Repeat, exactly as written, the lines from the one with "Snowline Vista Lodge" to the final line of the listing, and keep every picture out.

[THE DATA]:
▼
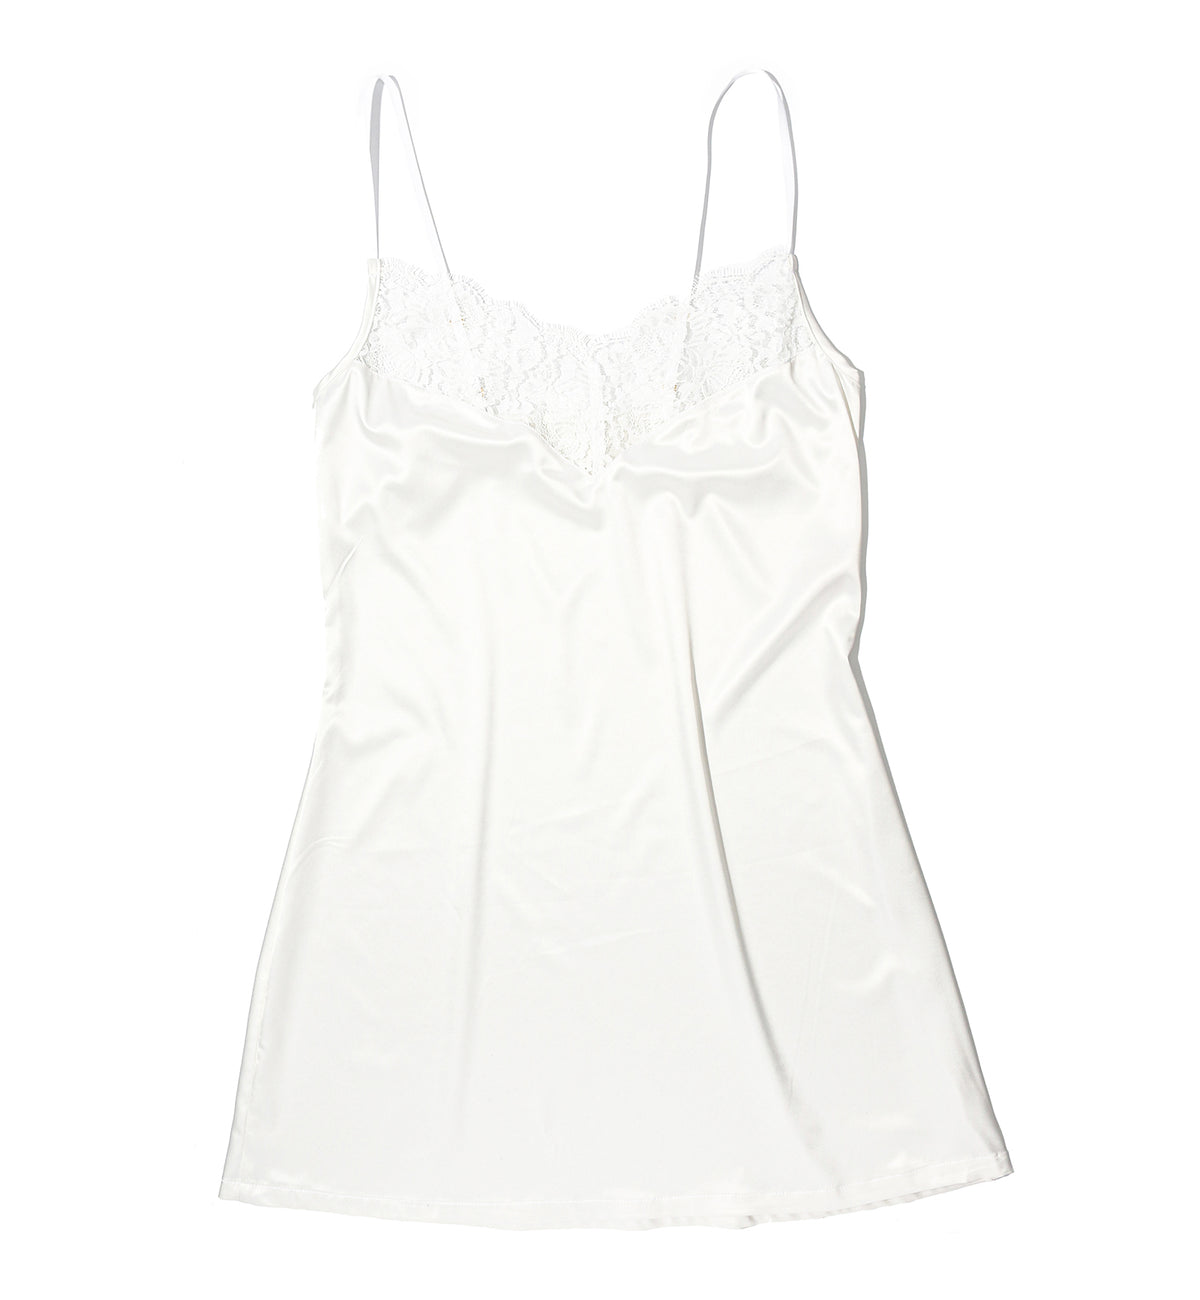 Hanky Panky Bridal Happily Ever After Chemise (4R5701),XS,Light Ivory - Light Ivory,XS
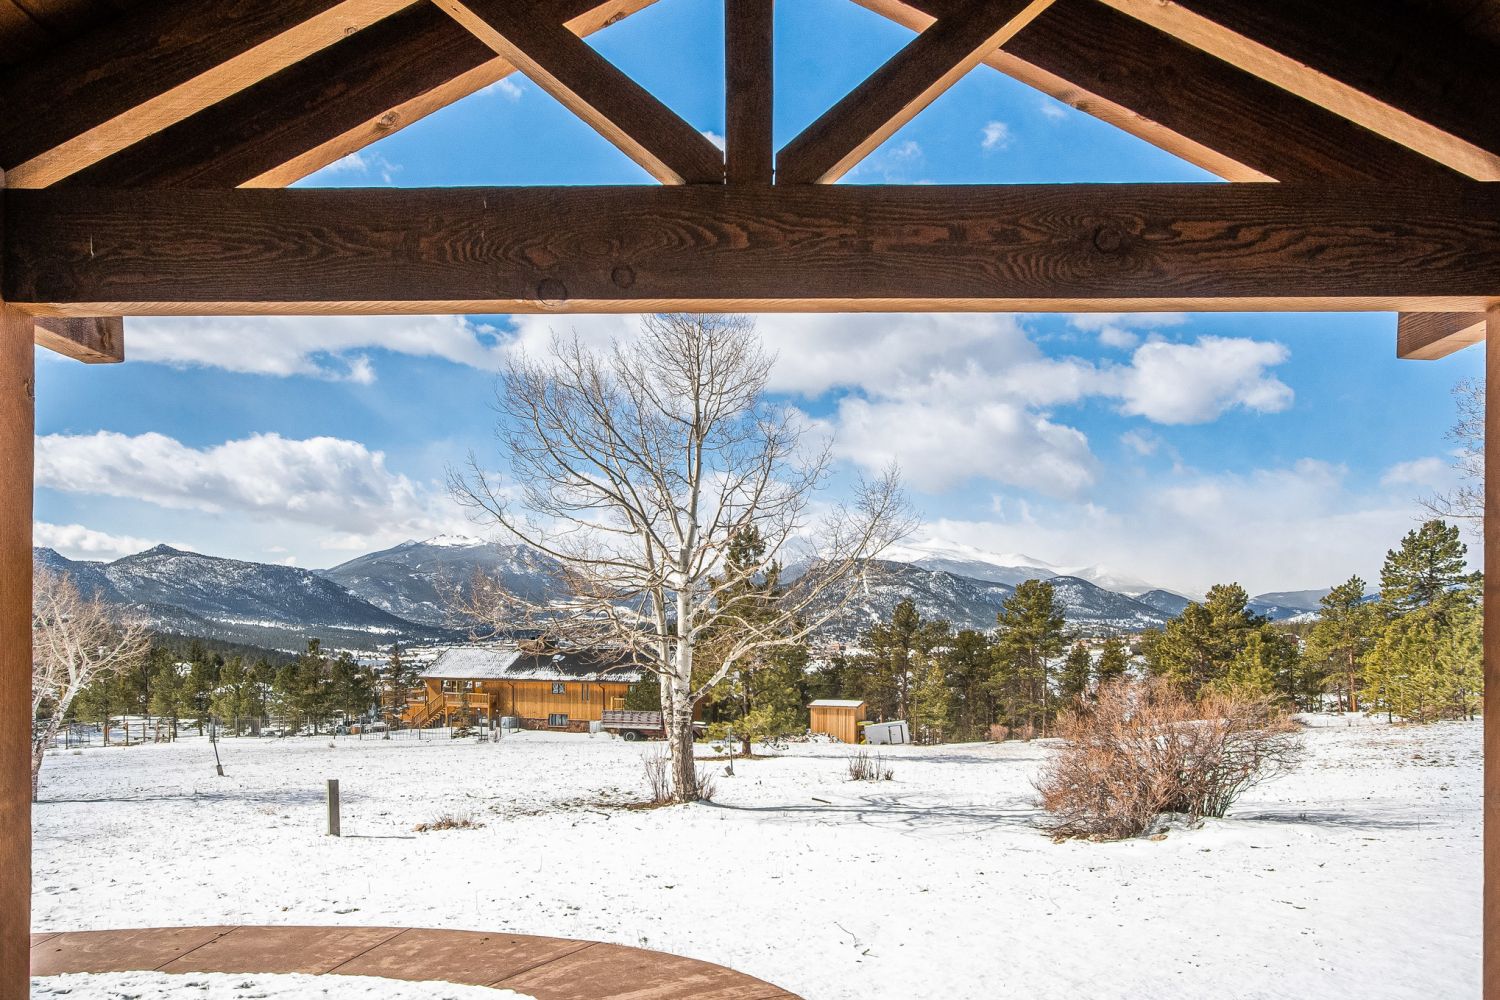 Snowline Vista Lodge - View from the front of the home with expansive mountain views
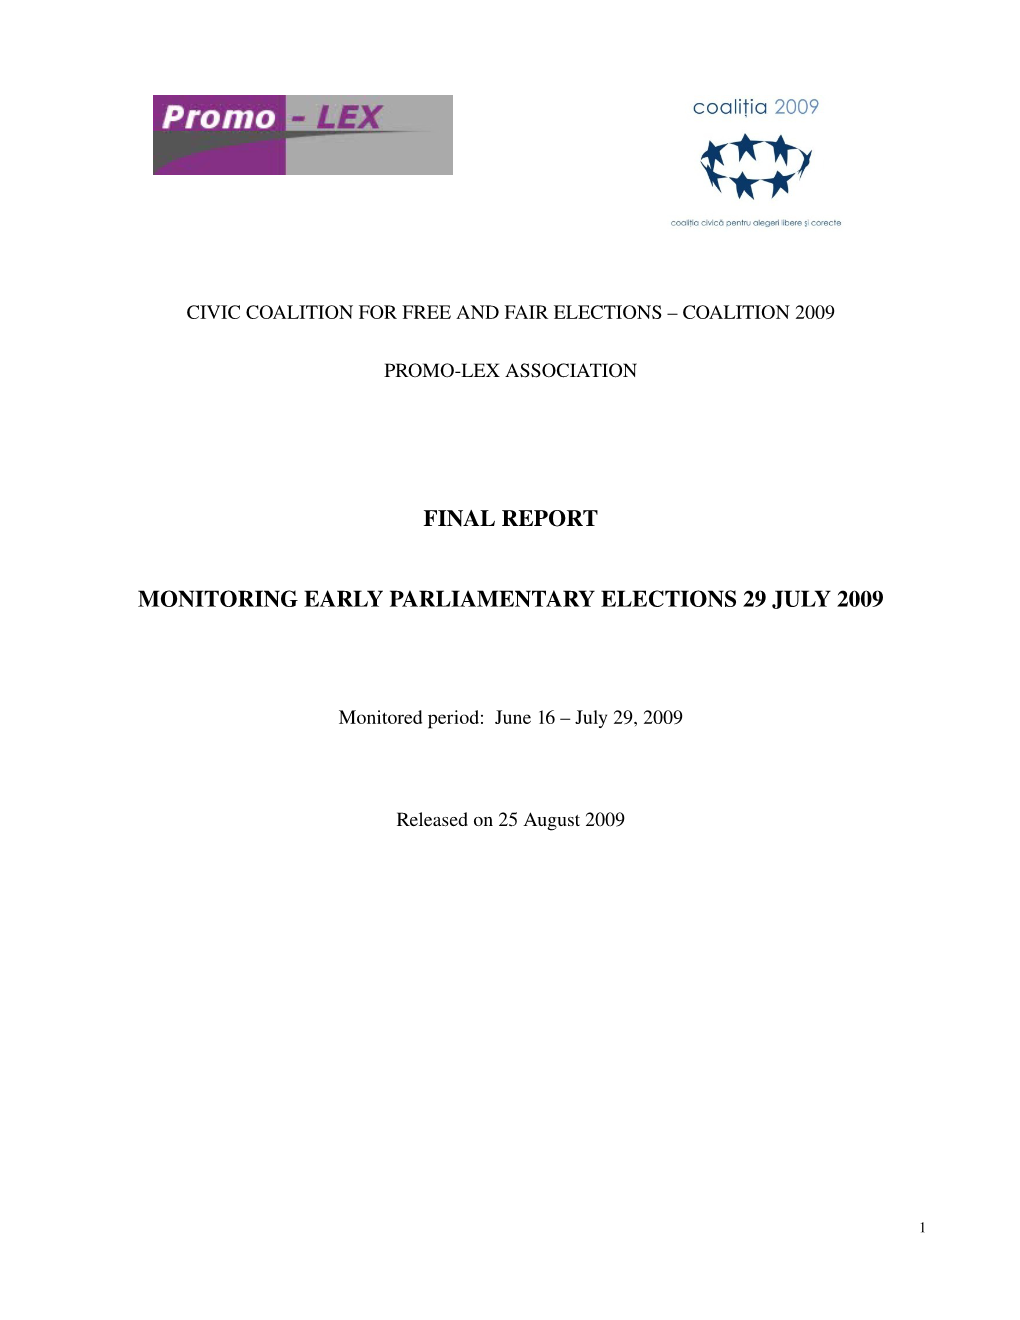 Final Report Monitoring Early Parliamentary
▲
[RESPONSE TO THIS TASK]:
 Snowline Vista Lodge - View from the front of the home with expansive mountain views
 Final Report Monitoring Early Parliamentary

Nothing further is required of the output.